Seven-passenger crossover boasts genuine off-road credibility
"The combination of powerful V6, smooth-shifting transmission and tight suspension accounts for the XLS's more lively and engaging character"
"Handsome is as handsome does."
I believe it was J.R.R. Tolkien who uttered that sage observation? If so, the famous author of The Lord Of The Rings could very well have been talking about the 2012 Mitsubishi Outlander. A good-looking crossover that often goes unnoticed in a segment dominated by the Honda CR-V and Toyota RAV4, the Outlander flies well under the radar. Which is unfortunate, because the Outlander has a lot going for it.
Looking for all the world like an oversized Lancer, the Outlander breaks rank with its ilk by boasting chiselled lines and sharp planes rather than the de-rigueur curves in the crossover segment. But unlike its smaller sedan sibling, the Outlander boasts seven-passenger practicality, and a much more refined interior.
Just like the Lancer, the Outlander features the distinctive shark-nosed snout. It's sharp, aggressive and masculine with a sloping roofline that adds a rakish air. It may not be conventionally pretty, but it's a handsome vehicle that inserts itself very nicely into a variety of lifestyles with its adaptable practicality.
My tester, a gunmetal gray Outlander XLS S-AWC is the range-topping model in the lineup. Although its colour scheme is a bit on the subdued side, the Outlander's clean lines are nicely accented by LED taillights in clear lenses.

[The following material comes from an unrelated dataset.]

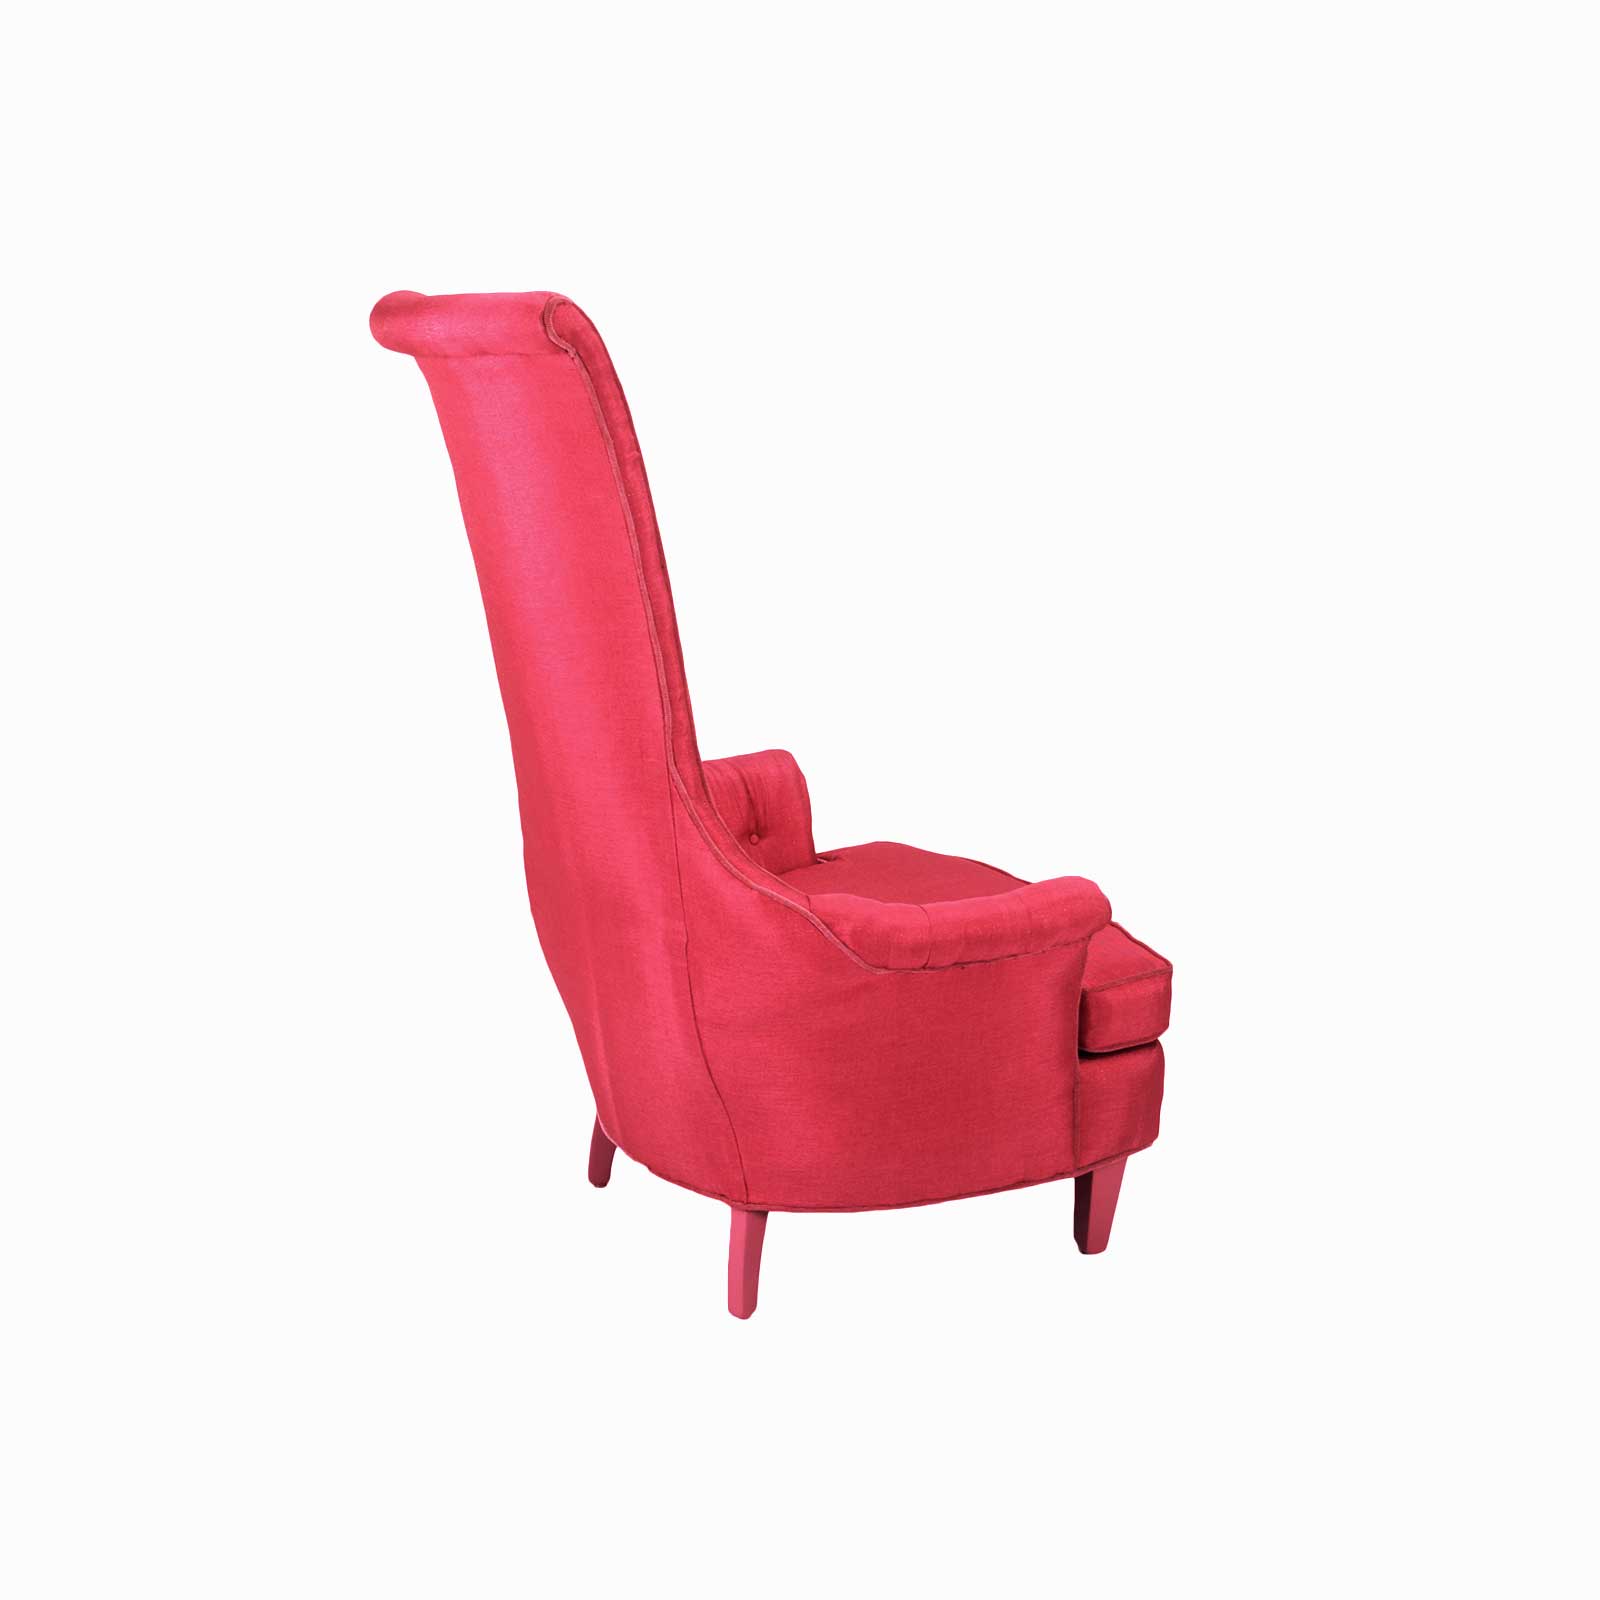 Pink Lounge Chair Rentals Event Furniture Rental

Inside, the cabin is well-designed with good quality materials and a variety of features. While Audi won't lose any sleep over the Outlander's level of craftsmanship, the quality is a big step up from the 2011 Mitsubishi Lancer we reviewed last December. Although there are the requisite hard plastics, they're pleasantly moulded and there's plenty of soft-touch material, including a leather hood over the gauge binnacle and leather-trimmed dash finished with contrasting stitching.
The centre console's large round control knobs are easily operated. They're nestled under the graphics screen that displays navigation and back-up camera. It's all very simply laid out, yet aesthetically pleasing. The XLS comes loaded with premium options like automatic xenon headlights, sunroof, leather upholstery, nine-speaker Rockford Fosgate sound system, back up camera and navigation system.
The leather-wrapped steering wheel is fat and grippy, and there are large, magnesium-alloy flappy paddles on either side of it. Unfortunately, they're mounted on the column and not the wheel itself, which would be more ergonomically intuitive, but they're large enough to be within reach at full lock-up.
Leather seats are plump and cushy with plenty of room for four adults in the first and second rows - even five in a crunch. The tiny third row should be saved for small children, or adults whom you don't really like.
Folding all four seats flat increases the available cargo space to 2,056 litres, slightly less than competitors RAV4 and CR-V thanks to the intrusion of its multi-link rear suspension. However, the load floor is level and flat with the seats down and easily reached without bending.
Flip down the tailgate, and it's strong enough to support up to 181 kg of cargo while loading.
Detracting from the overall impression of quality is the insubstantial, tinny way the doors slam, instead of a heavy, reassuringly well-insulated thud.
Underhood, there's a 3.0L V6 that puts out 230 hp and 215 lb-ft of torque matched to a 6-speed automatic transmission. Lesser models are powered by a 2.4L 4 cylinder mated to a continuously variable transmission.
The combination of the powerful V6 and smooth-shifting transmission account for the XLS's more lively and engaging character, it's as sprightly around town as it is performing passing manoeuvres on the highway. The suspension tuning is firm enough to deliver a modicum of sportiness without sacrificing comfort and the steering is nicely weighted.
Canadians enduring harsh climate and hazardous road conditions should take note of Mitsubishi's rally-proven S-AWC system. Outlanders with all-wheel-drive or S-AWC (for super-all-wheel control) have an active, locking front differential and a driver-selectable rotary knob on the centre console marked Tarmac, Snow and Lock.
At a turn of the dial, so-equipped Outlanders can go from 2WD pavement commuter, to automatic 4WD (applying traction and torque distribution as warranted). Selecting 4WD Lock turns the crossover into a fairly capable off-roader - rare in a segment populated by urban people haulers. And, it also features handy Hill Start Assist for added security.
On the downside, the S-AWC Outlanders with the larger mill can be thirsty beasts. Rated at 7.9L/100km on the highway and 11 in the city, my tester rarely dipped below 12.3 overall. And that's premium fuel to boot.
But for buyers who can overlook the less than stellar fuel economy in return for genuine 4WD performance - and the ability to carry up to seven passengers - the Mitsubishi Outlander S-AWC looks like a handsome choice indeed.